В душе он испытывал глубокую жалость. Ему припомнилась странная история с проводником из монастыря святого Гермия и исчезновение Робера Эпинэ в Огненную ночь. Милейший принц Ракан говорил что-то о местных суевериях… Хотя Марселю больше верилось в причины более материального толка. Может быть, новый герцог и сумел выпутаться из неприятностей, но вполне могло случиться, что бедняга давно погиб.
Колокол замковой церкви Эр-Эпинэ внезапно загудел – настойчиво и заунывно.
Валме захлопнул томик Лепорта и поправил огонь каминными щипцами, присланными всё той же маркизой Жозиной вместе с тонким постельным бельём, скатертями и туалетными принадлежностями. Несмотря на то, что заступничеством славной женщины у него было в достатке и дров и торфа, от скорбного гула пробирал озноб.
Звонили как по покойнику.
— Может быть, это Штанцлер преставился? — обнадёжил самого себя Марсель.
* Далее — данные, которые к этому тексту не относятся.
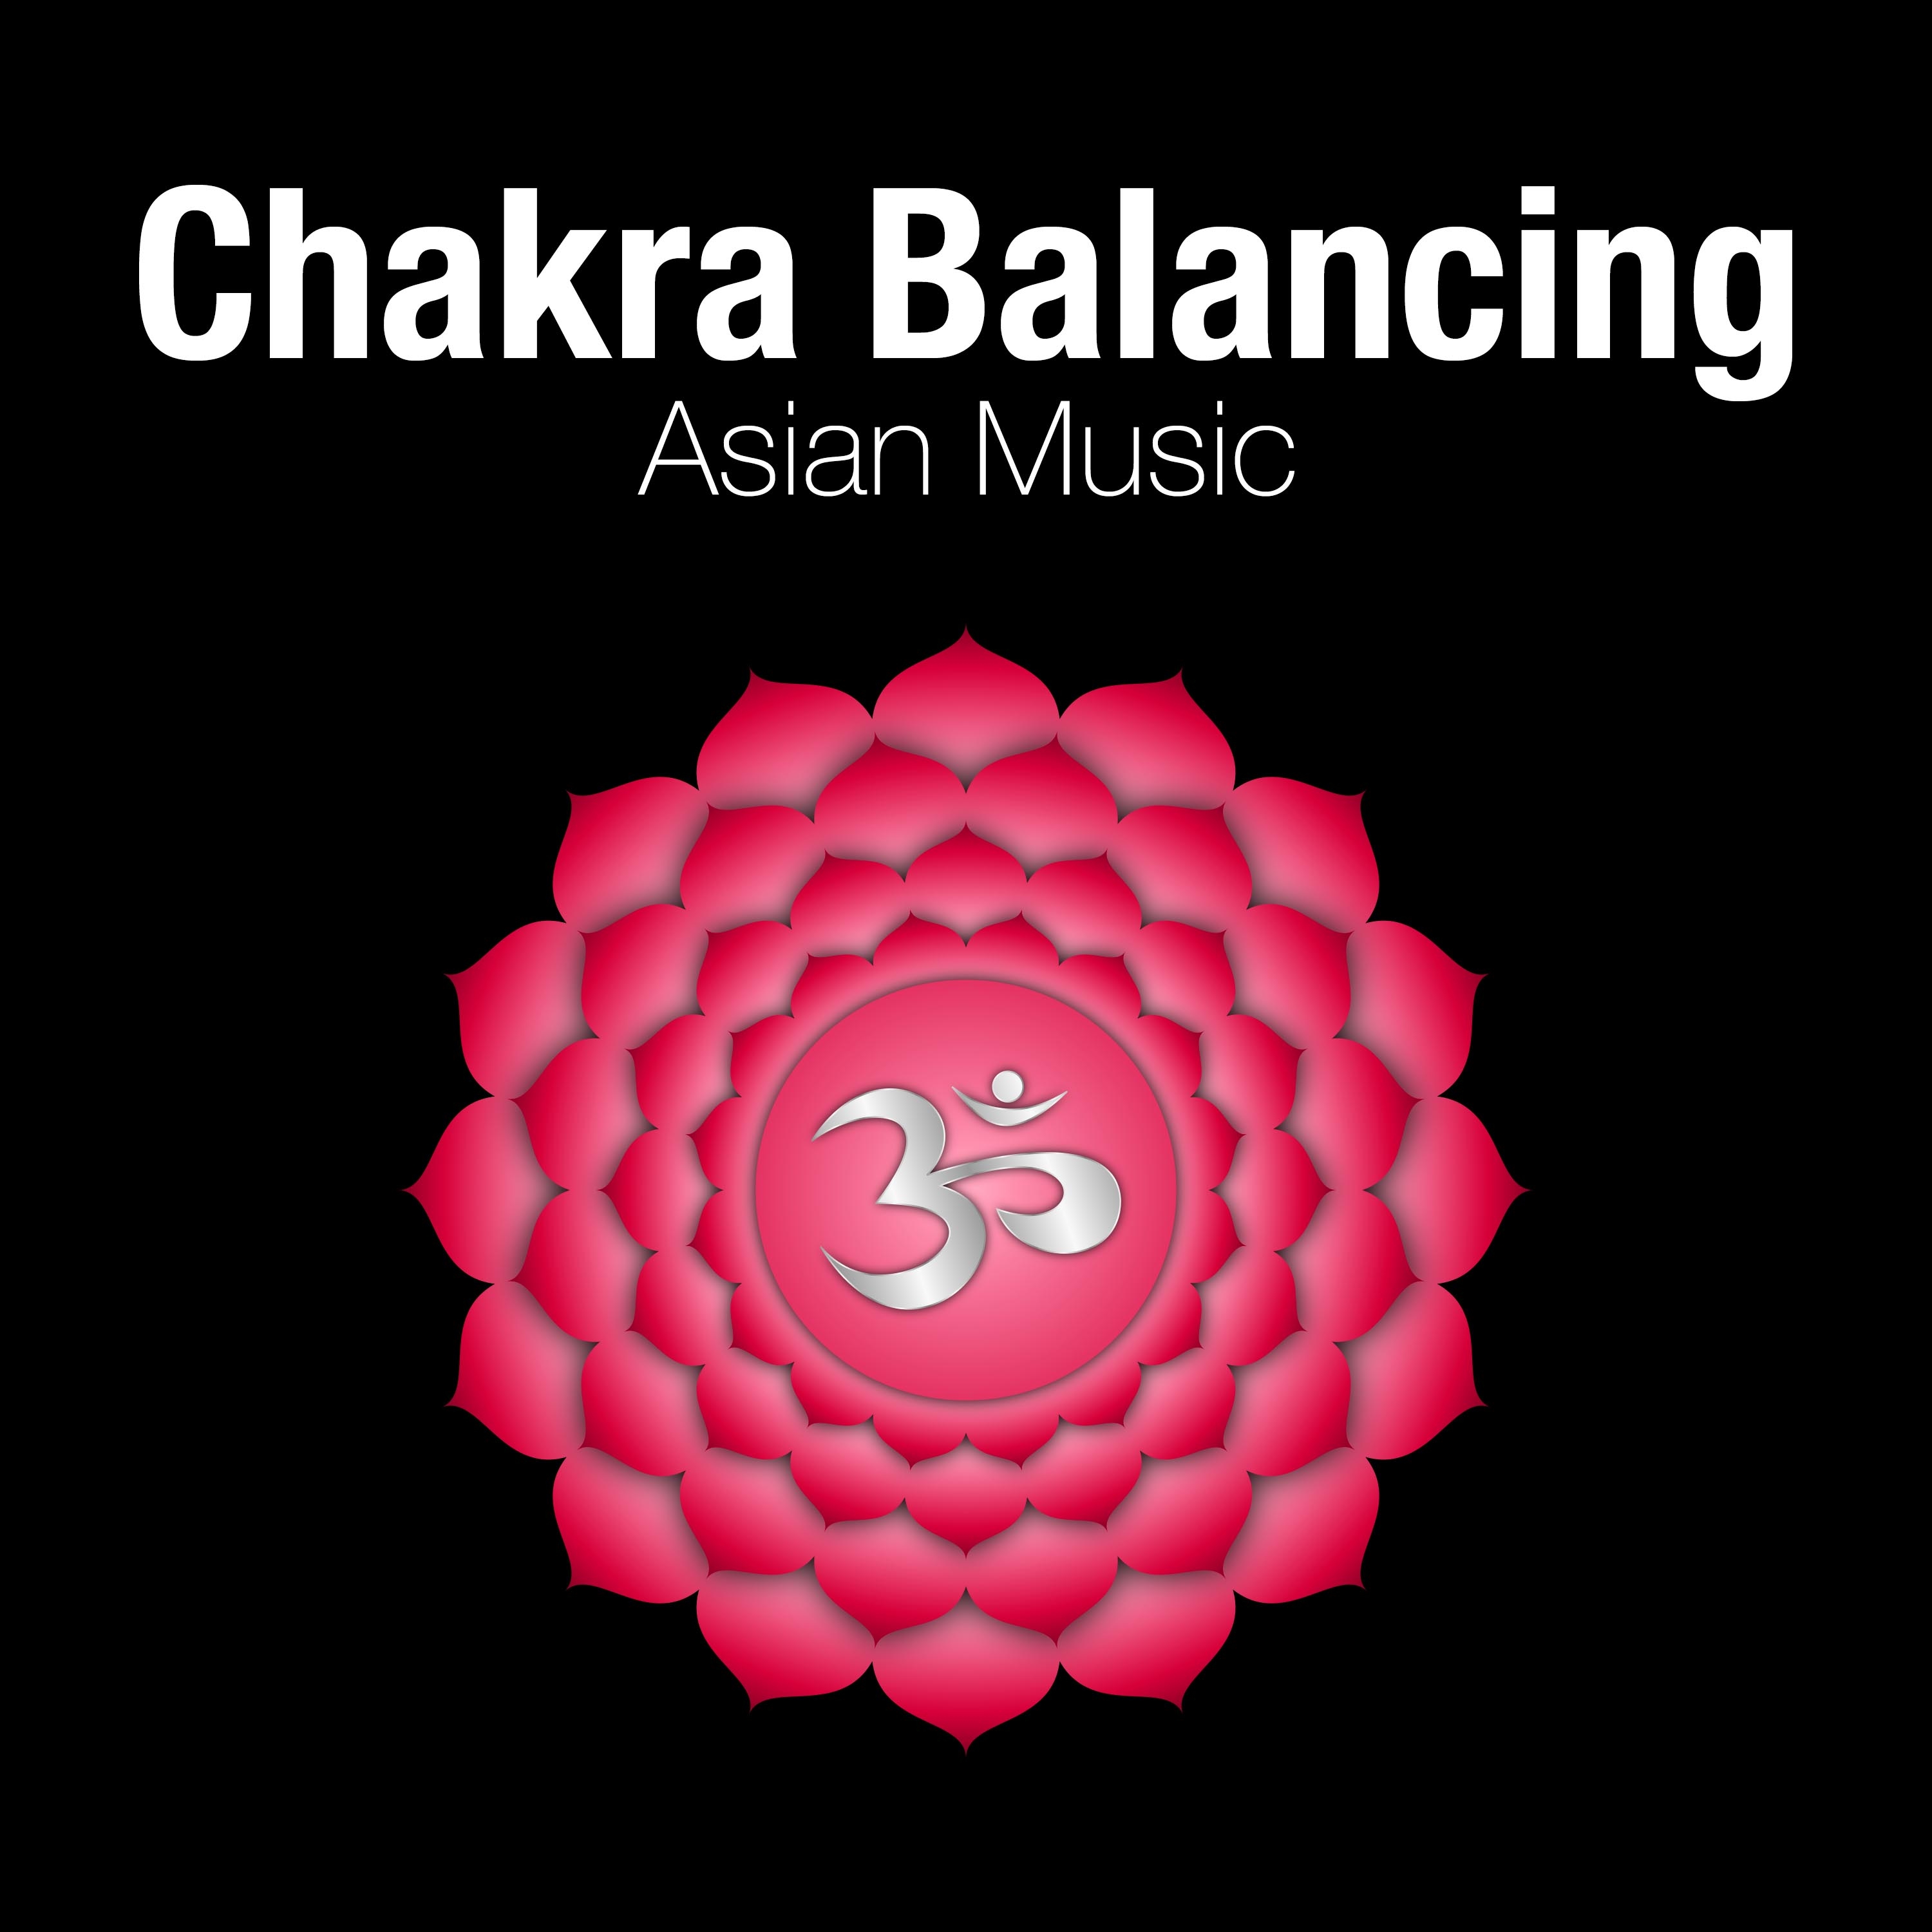 Chakra Balancing - Asian Music, Instrumental Zen Songs to Find Peace, Relaxation and Serenity

На разъяснения караульных рассчитывать не приходилось. Его стерегли солдаты Карваля, а этот господин, как за несколько месяцев вполне убедился Марсель, был сильно предубеждён против дорогого папеньки и всего семейства Валмонов.
В первые дни заключения Марсель злился на себя и рвался на подвиги. Глупец! Простофиля! Как он мог угодить в такую очевидную засаду! Алва саркастически посмеётся над его нелепой авантюрой, как только узнает о ней, говорил он себе. Однако вид несчастной четы Маранов, повешенных в начале осени во дворе замка, изрядно поумерил его пыл. К тому же через месяц стали поступать известия из Олларии: Алва и сам оказался в Багерлее с клеймом государственного преступника. А покуда блистательный Первый маршал прохлаждался в тюремной камере, короля Фердинанда убили фанатики. Так что Марсель сподобился философского озарения и успокоился.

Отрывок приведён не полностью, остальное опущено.